* [EXERCISE AIM]: As you reproduce every line below, keep it exactly as written and leave out the images.

* [INFORMATION SUPPLIED]:
------------------------------------------------

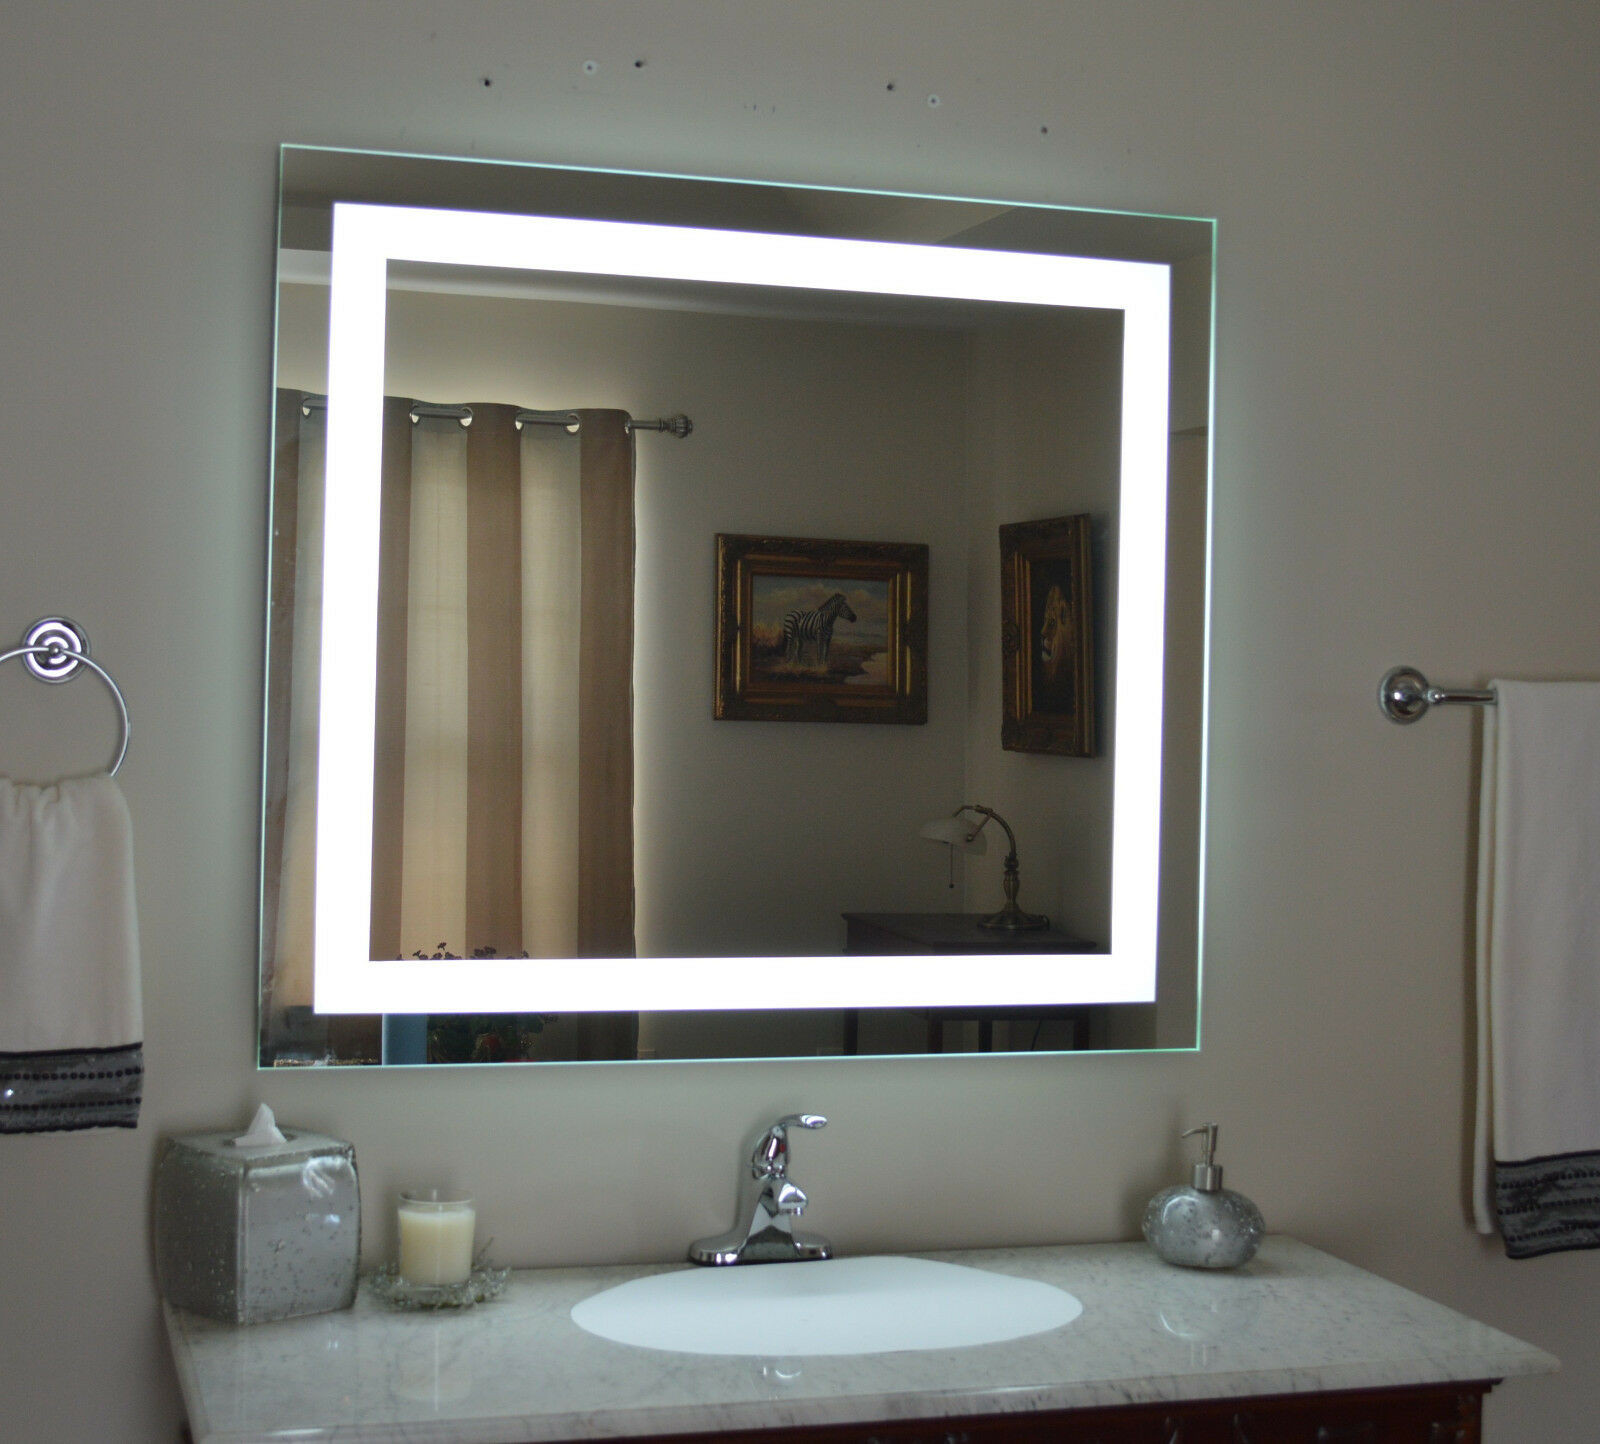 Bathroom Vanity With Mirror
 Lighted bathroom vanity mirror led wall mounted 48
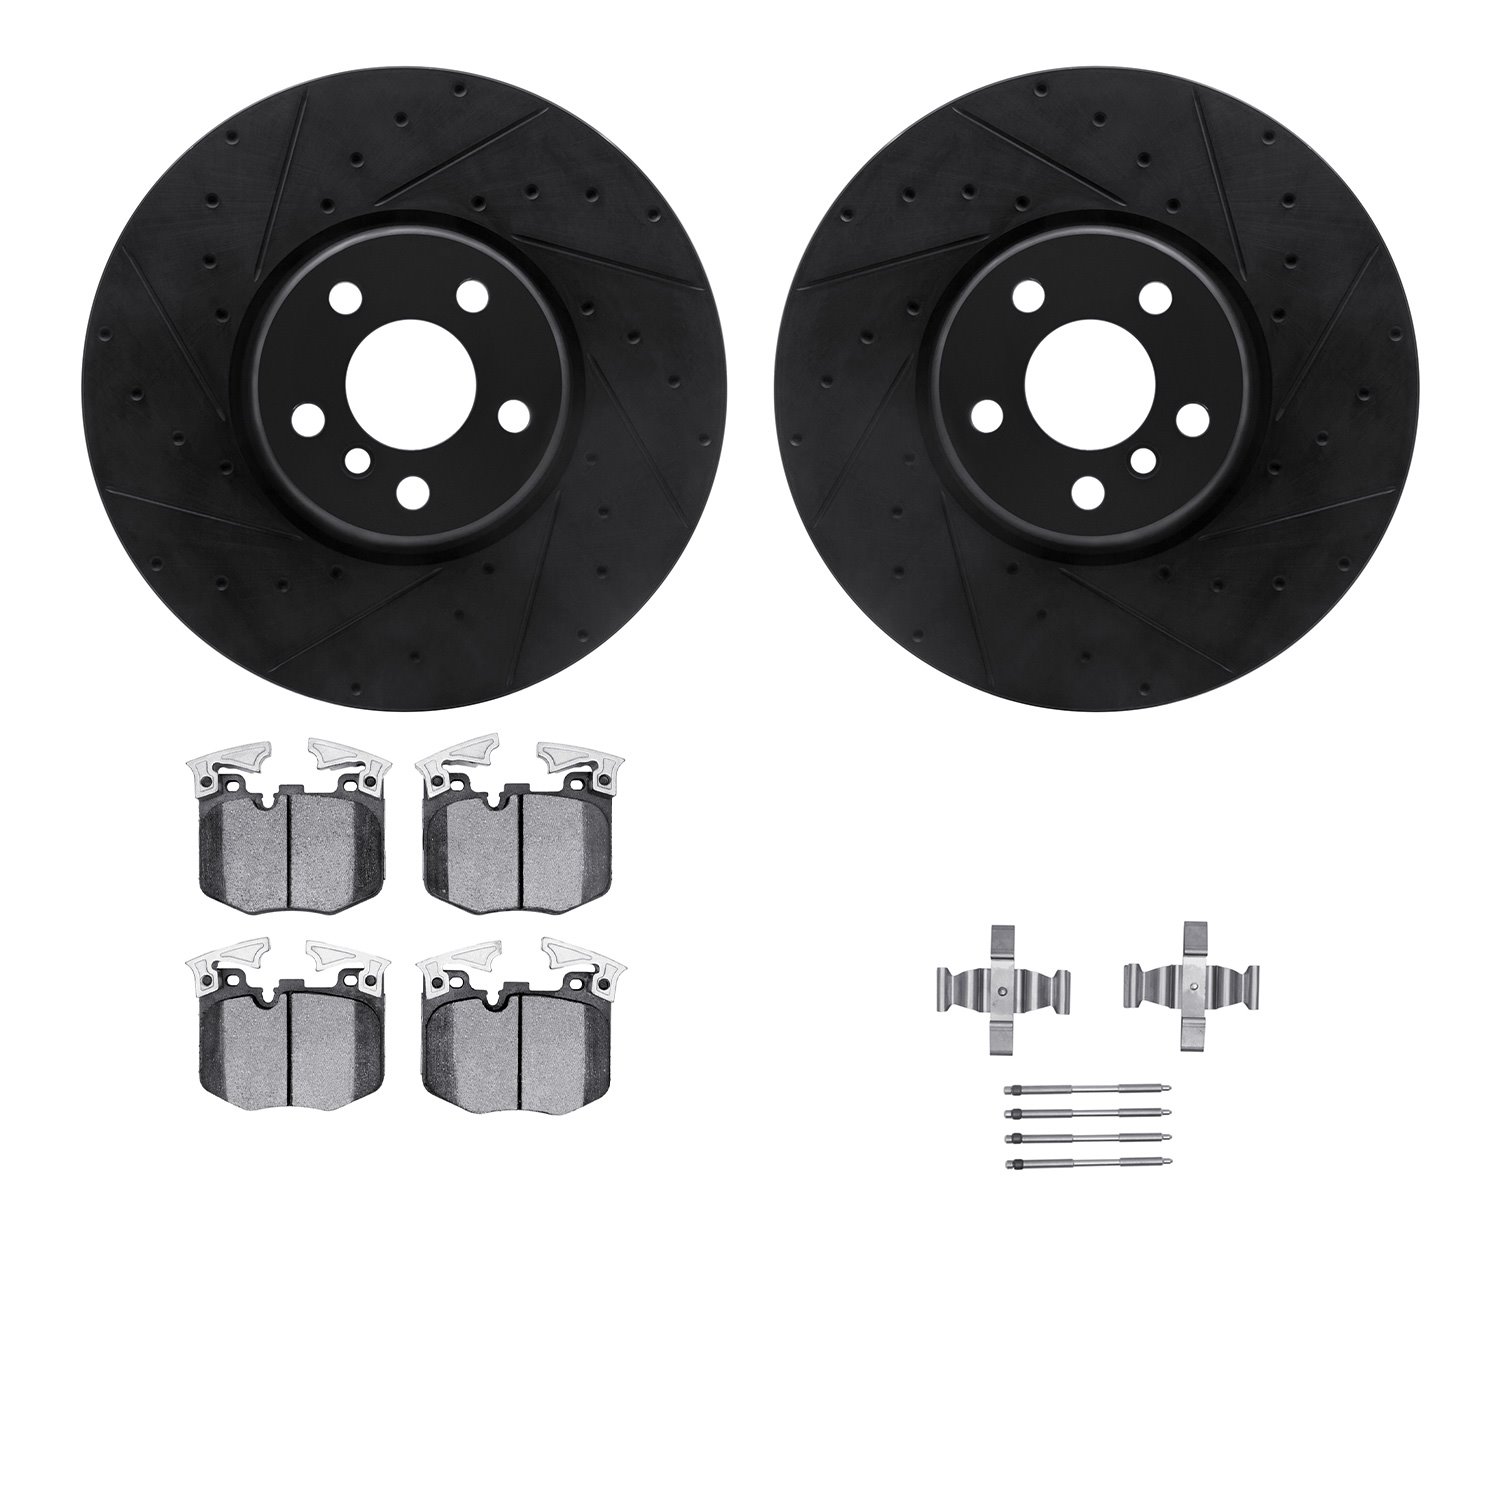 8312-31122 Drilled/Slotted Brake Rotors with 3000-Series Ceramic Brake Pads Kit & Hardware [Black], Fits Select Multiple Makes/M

------------------------------------------------

* [SOLUTION TO THIS EXERCISE]:
 Bathroom Vanity With Mirror
 Lighted bathroom vanity mirror led wall mounted 48
 8312-31122 Drilled/Slotted Brake Rotors with 3000-Series Ceramic Brake Pads Kit & Hardware [Black], Fits Select Multiple Makes/M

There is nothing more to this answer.